- WHAT YOU HAVE TO DO:
Please give the whole listing again exactly, without any of its pictures.

- DATA EXCERPT:

^^^^^^^^^^^^^^^^

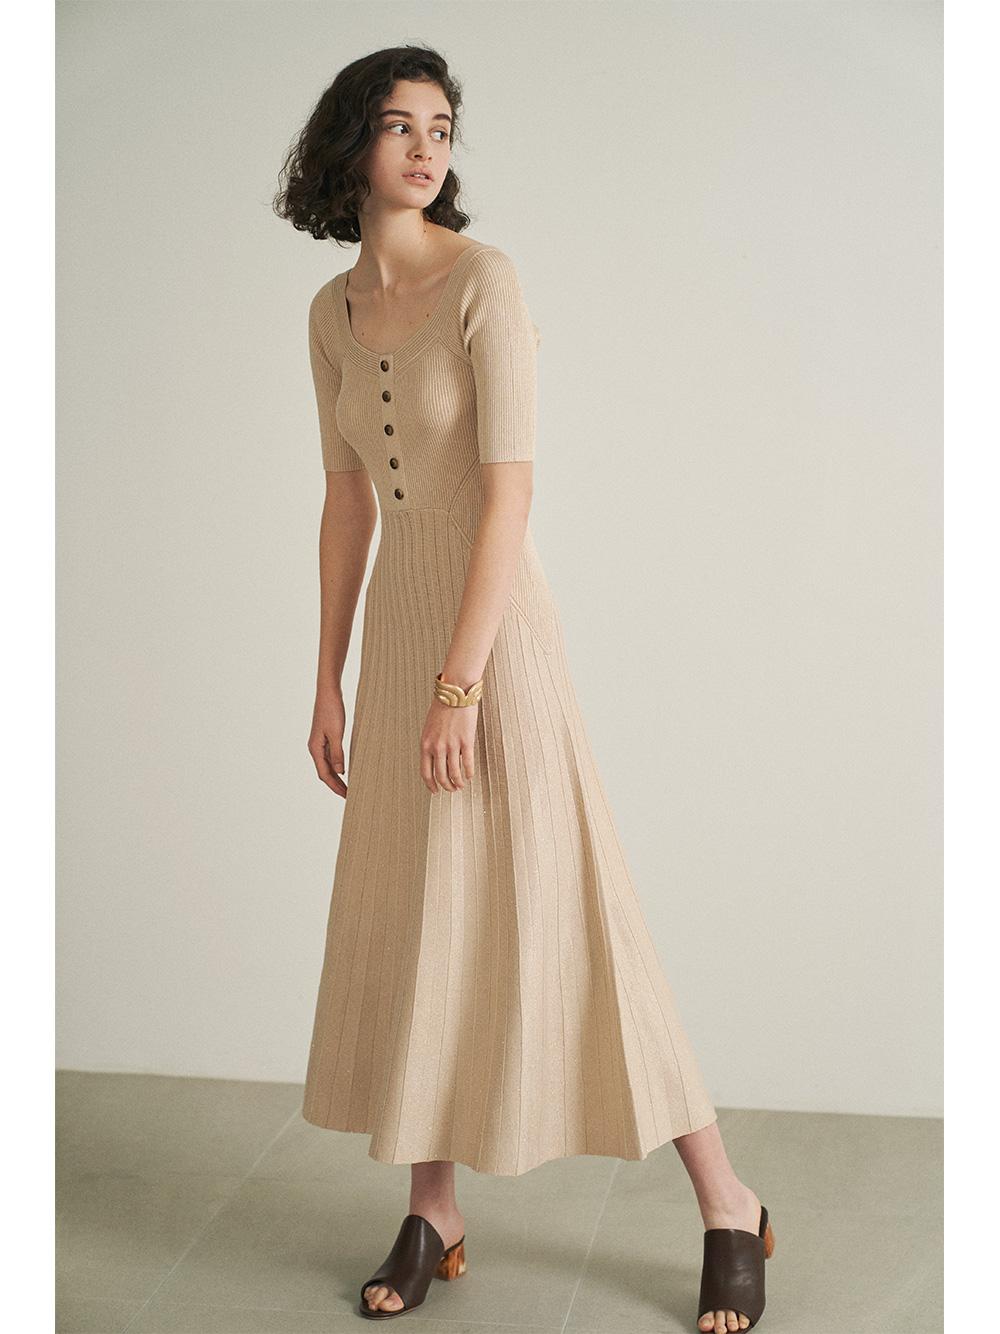 2way針織連身裙
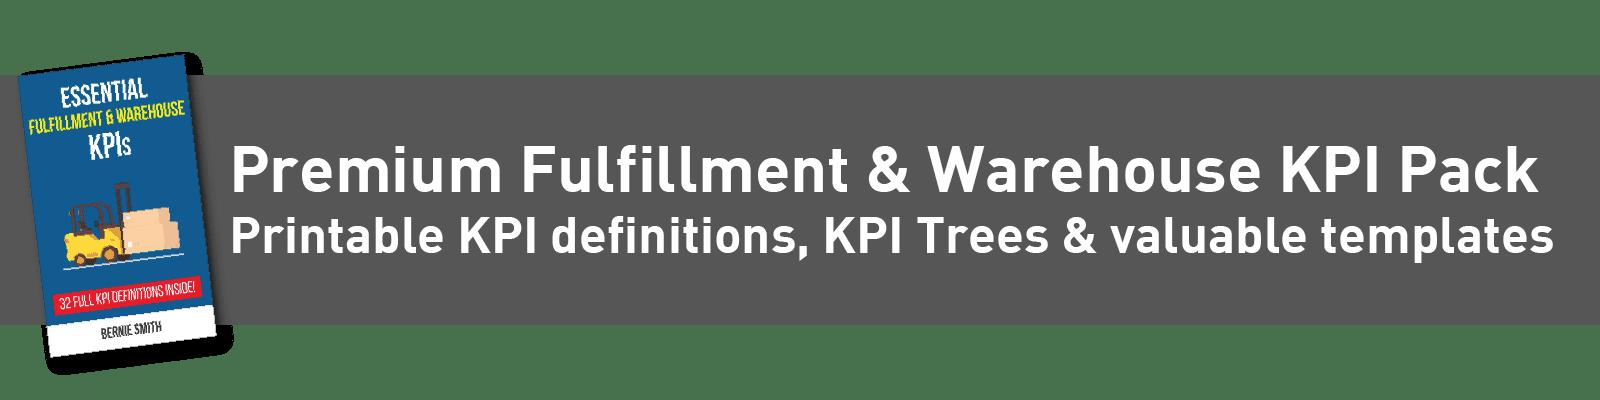 Fulfillment and Warehouse Masthead - B
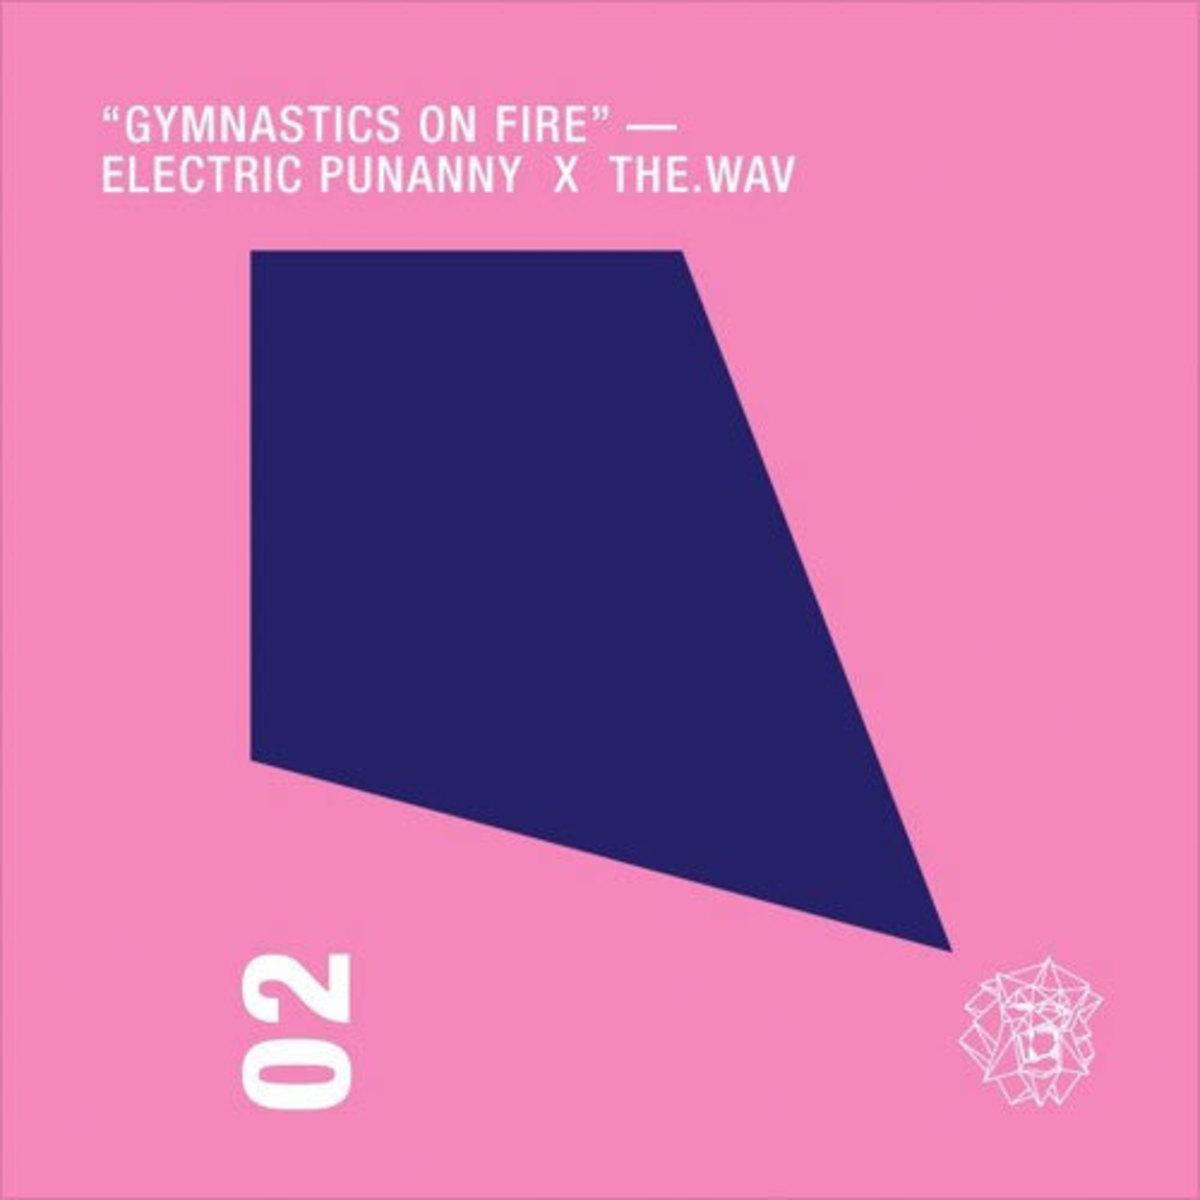 electric-punanny-gymnastics-on-fire.jpg
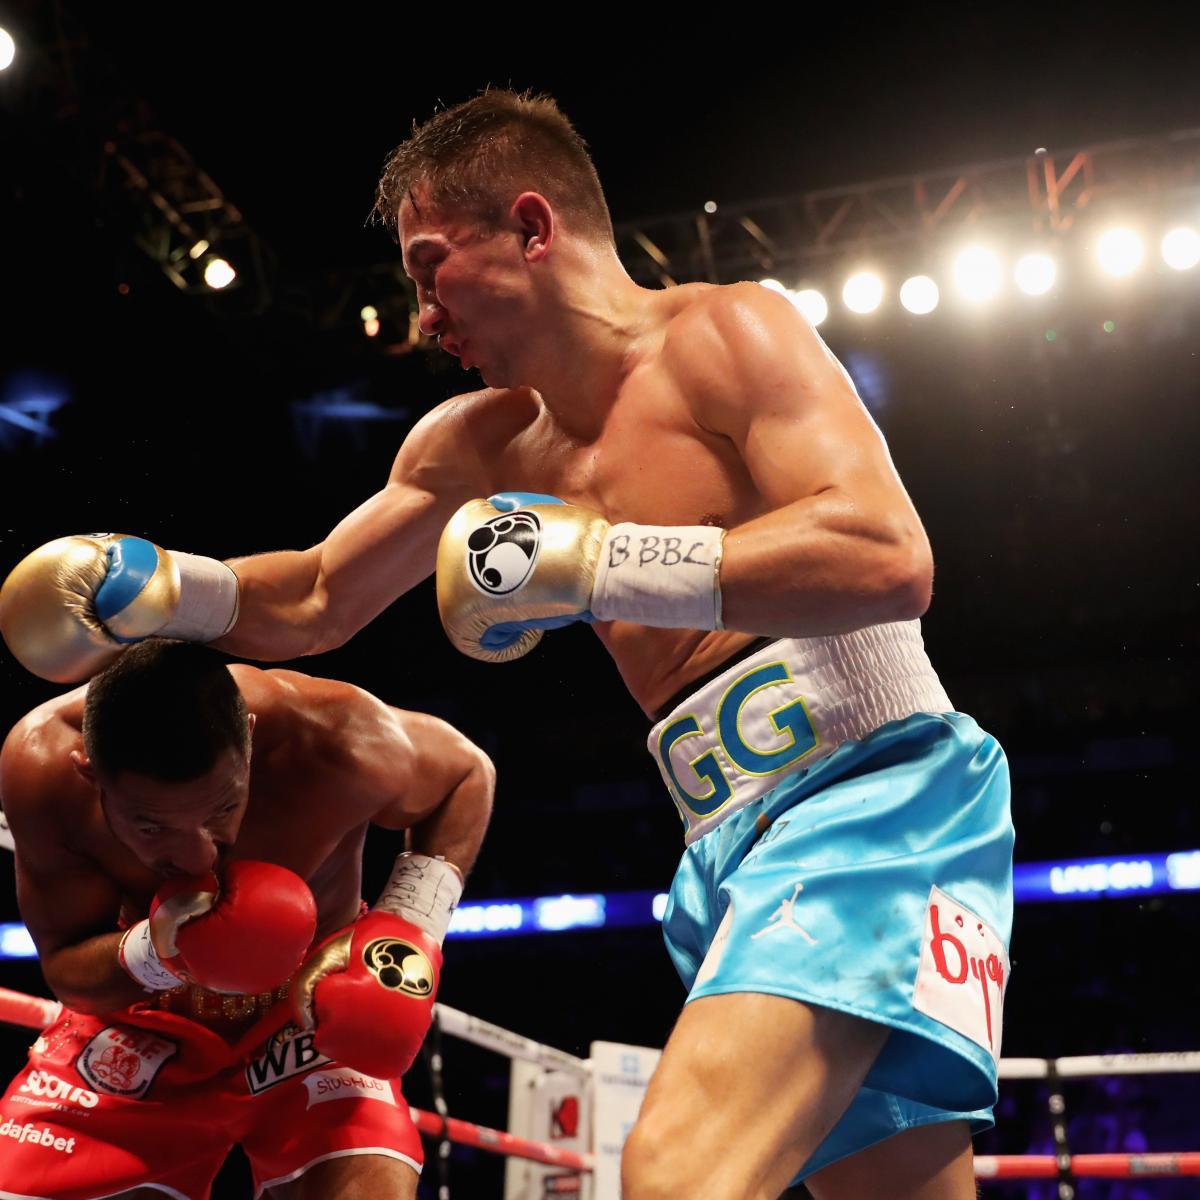 RESULTS: Golovkin destroys Rolls — Boxing News & Views

^^^^^^^^^^^^^^^^

- RESULT OF THIS EXERCISE:
 2way針織連身裙
 Fulfillment and Warehouse Masthead - B
 electric-punanny-gymnastics-on-fire.jpg
 RESULTS: Golovkin destroys Rolls — Boxing News & Views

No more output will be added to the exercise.